How to create fast database queries

SQL Server: EXCEPT ALL

with 2 comments

Answering questions asked on the site.

myst asks:

I have two really large tables with lots of columns, many of them are nullable

I need to remove all rows from table1 which are not present in table2, but there can be duplicates in both tables and writing more than 70 IS NULL conditions would be a pain, and I want to make sure there's nothing I'm missing.

Is there a more simple way?

SQL Server supports EXCEPT clause which returns all records present in the first table and absent in the second one. But this clause eliminates duplicates and cannot be used as a subject to a DML operation.

ANSI SQL standard describes EXCEPT ALL which returns all records from the first table which are not present in the second table, leaving the duplicates as is. Unfortunately, SQL Server does not support this operator.

Similar behavior can be achieved using NOT IN or NOT EXISTS constructs. But in SQL Server, IN predicate does not accept more than one field. NOT EXISTS accepts any number of correlated columns, but it requires extra checks in the WHERE clause, since equality operator does not treat two NULL values as equal. Each pair or nullable columns should be additionally checked for a NULL in both fields. This can only be done using OR predicates or COALESCE, neither of which adds to performance.

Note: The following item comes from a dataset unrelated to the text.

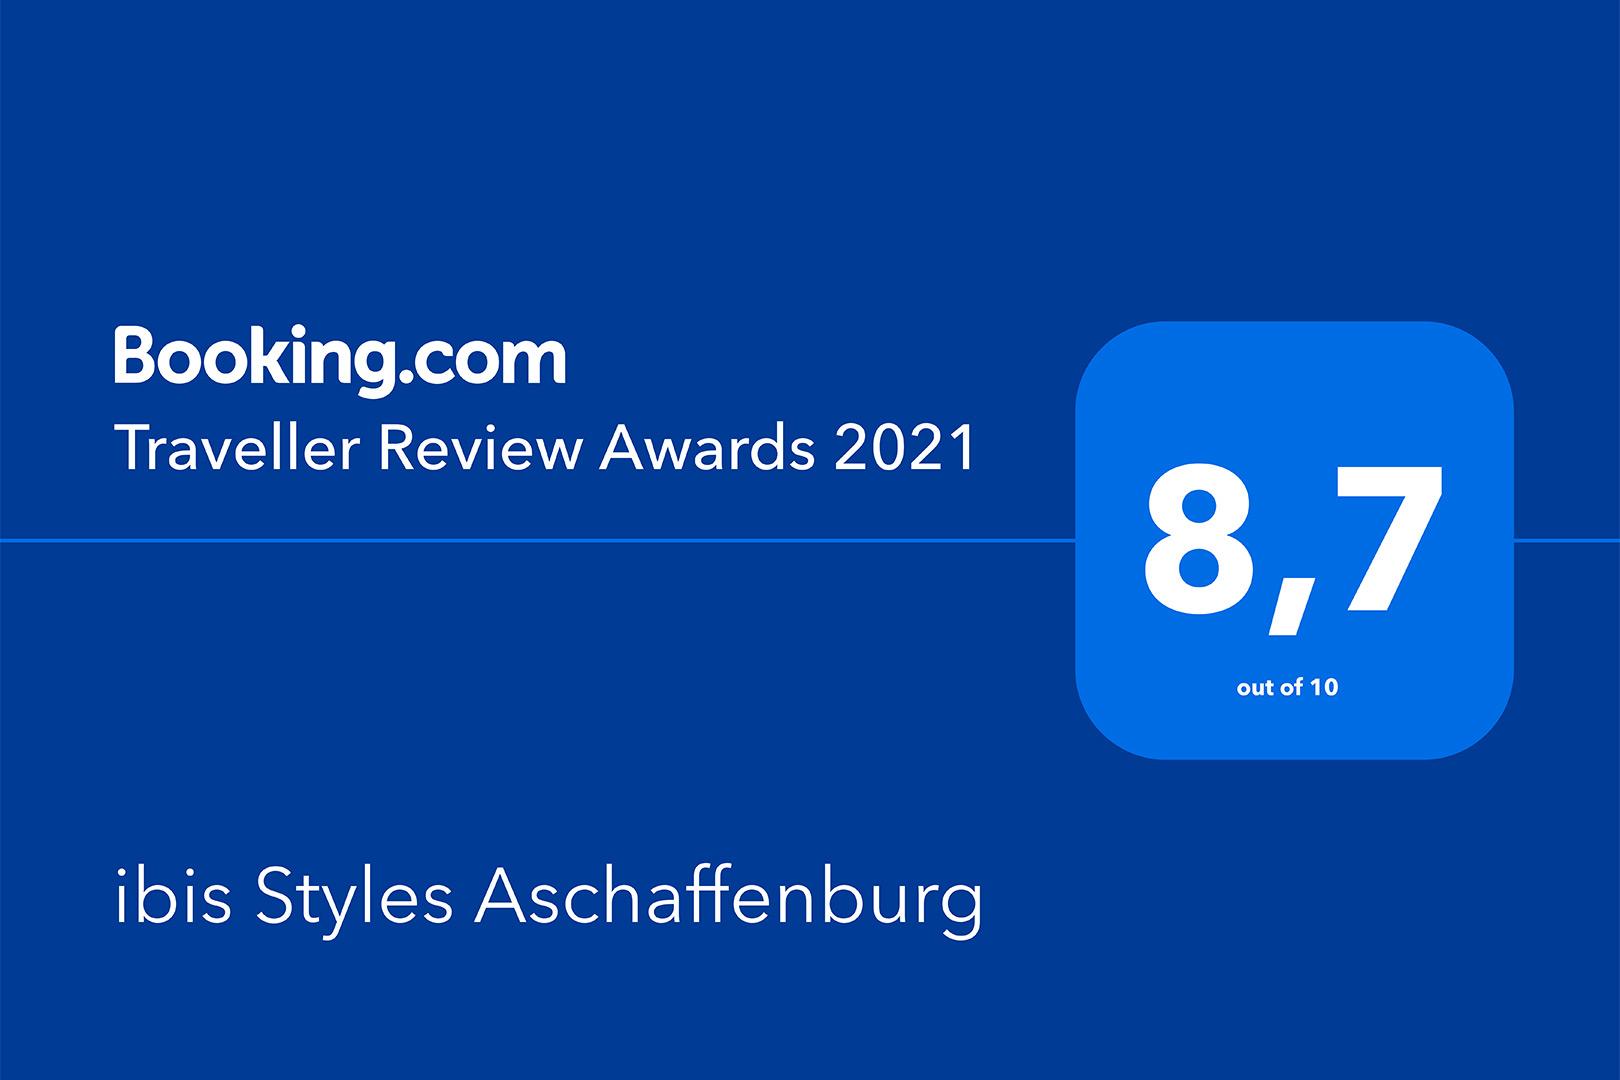 ibis Styles Aschaffenburg - Traveller Review Award 2021

But there is a way to emulate EXCEPT ALL in SQL Server quite elegantly and efficiently.

Let's create two sample tables:

Table creation details

The second table is 20 records short of being the full copy of the first table. There are NULL values and duplicates in both tables.

The EXCEPT query returns this:

SELECT  *
FROM    [20100211_except].t1 AS t1
EXCEPT
SELECT  *
FROM    [20100211_except].t2 AS t2
val1 val2 val3 val4 val5
9999 9999 9999 9999
9998 9998 9998 9998 9998
9998 9998 9998 9998
9999 9999 9999 9999 9999
4 rows fetched in 0.0011s (0.1933s)

View query details

There are only 4 records in the resultset, since the duplicates are eliminated. And you cannot delete from this resultset.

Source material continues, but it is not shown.